For my new page scraping assignment I thought for a while of trying a much more modern approach.
That actually kept me from really starting it for quite a couple of weeks now, because it seemed so very tedious and I thought, I don’t have like 3 shots for it.
This week I thought about going with my own old approach and about making use of the state-of-the-art technology at a (slightly) later stage. That should work.
So where is my software and where is my documentation?

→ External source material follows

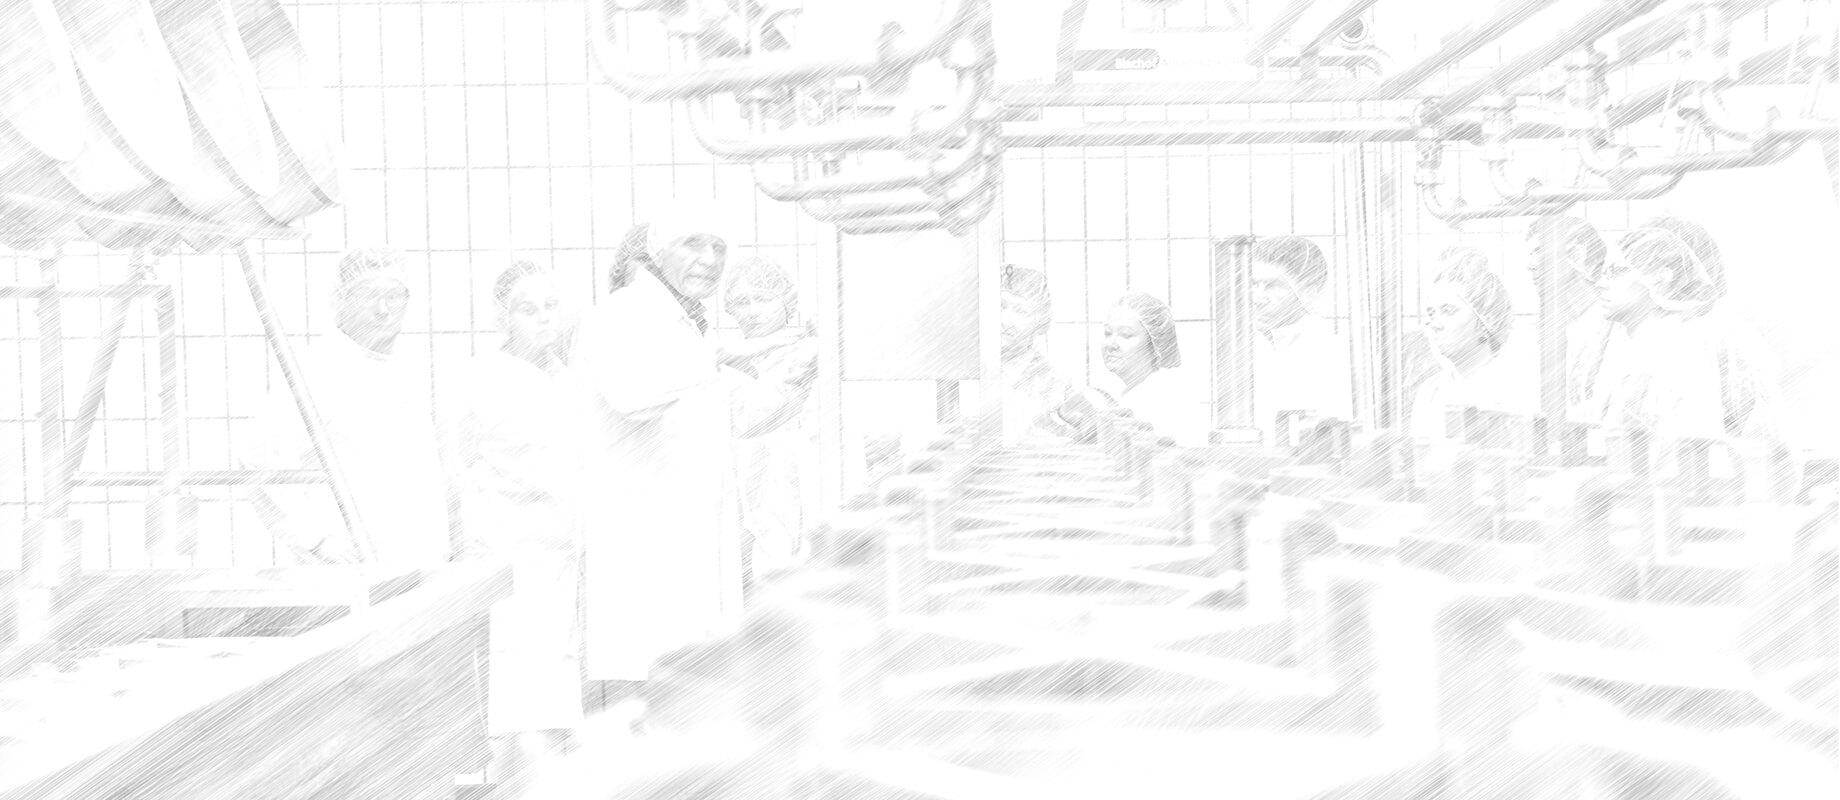 Seminar Schraffur 0110 4000x1740.jpg
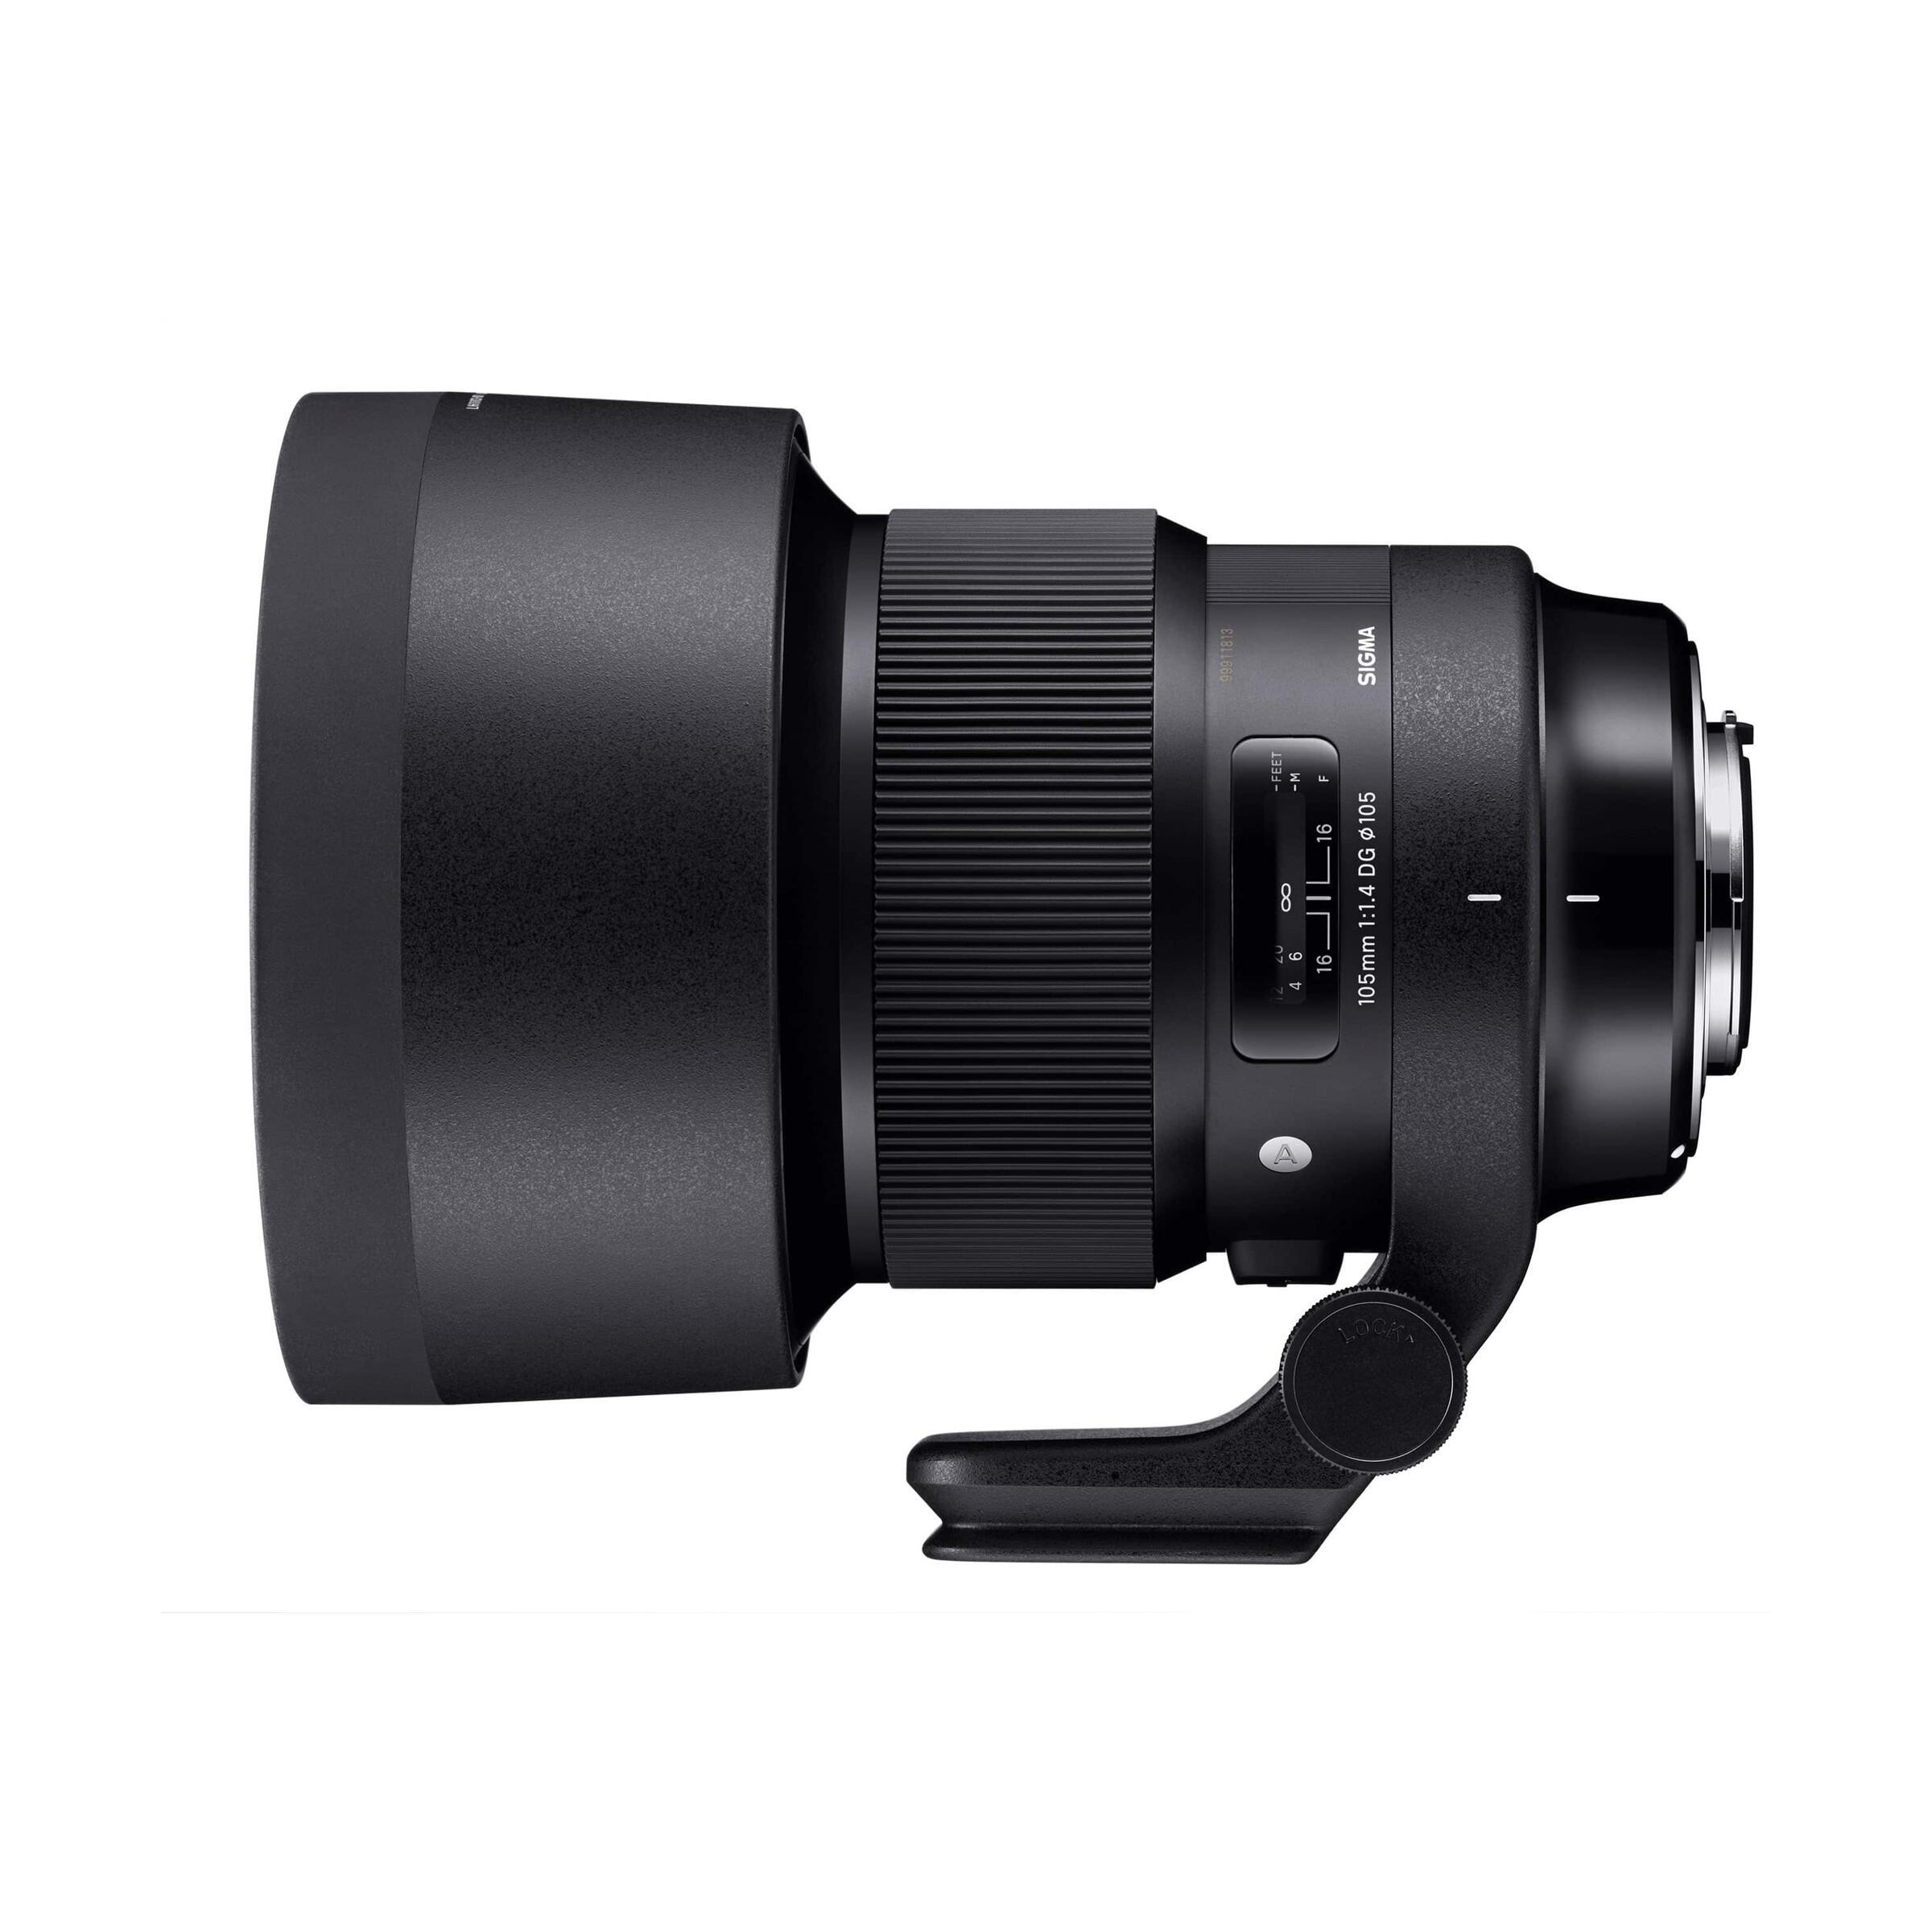 Sigma 105mm f/1,4 DG HSM Art für Canon EF

- I remember, I had left a link here at my Aleph-Soft.com website
- that leads me to my slightly more extensive dedicated article
- of course, while I read it, I switch to the sources of that article, so that I can improve the article “en passent”; OMG: running that DocBook website toolchain even works after at least a year or so! I’m amazed. well, not updating software does have some positive side-effects.
- does LiveHTTPHeaders still work with my current Firefox? LiveHTTPHeaders is one of the reasons I still keep my Firefox updated, although I chose Chromium as my main browser on all platforms (*** bookmark ***)
- what about its cousin ieHTTPHeaders for IE? WTF, where does it actually live and get maintained? alright, I assume Jonas Blunck is the creator and maintainer
- is there anything like *HTTPHeaders for Chrome/Chromium? that would be nice; I would have to make my respective tool read its logfile then
- creating a perl script from LiveHTTPHeaders’s log file still works
- integrated that perl script into my framework for that kind of stuff
- download the root HTML page, parsing it, extracting the 1st few bits of information wanted
- download the 1st linked page; the navigation doesn’t go further / deeper than this
- TBD: extract the information details from that linked page; CAVEAT: there is an optional intermediate (“region”) level within that page
- …
(This article is getting extended and updated these days in early November 2011.)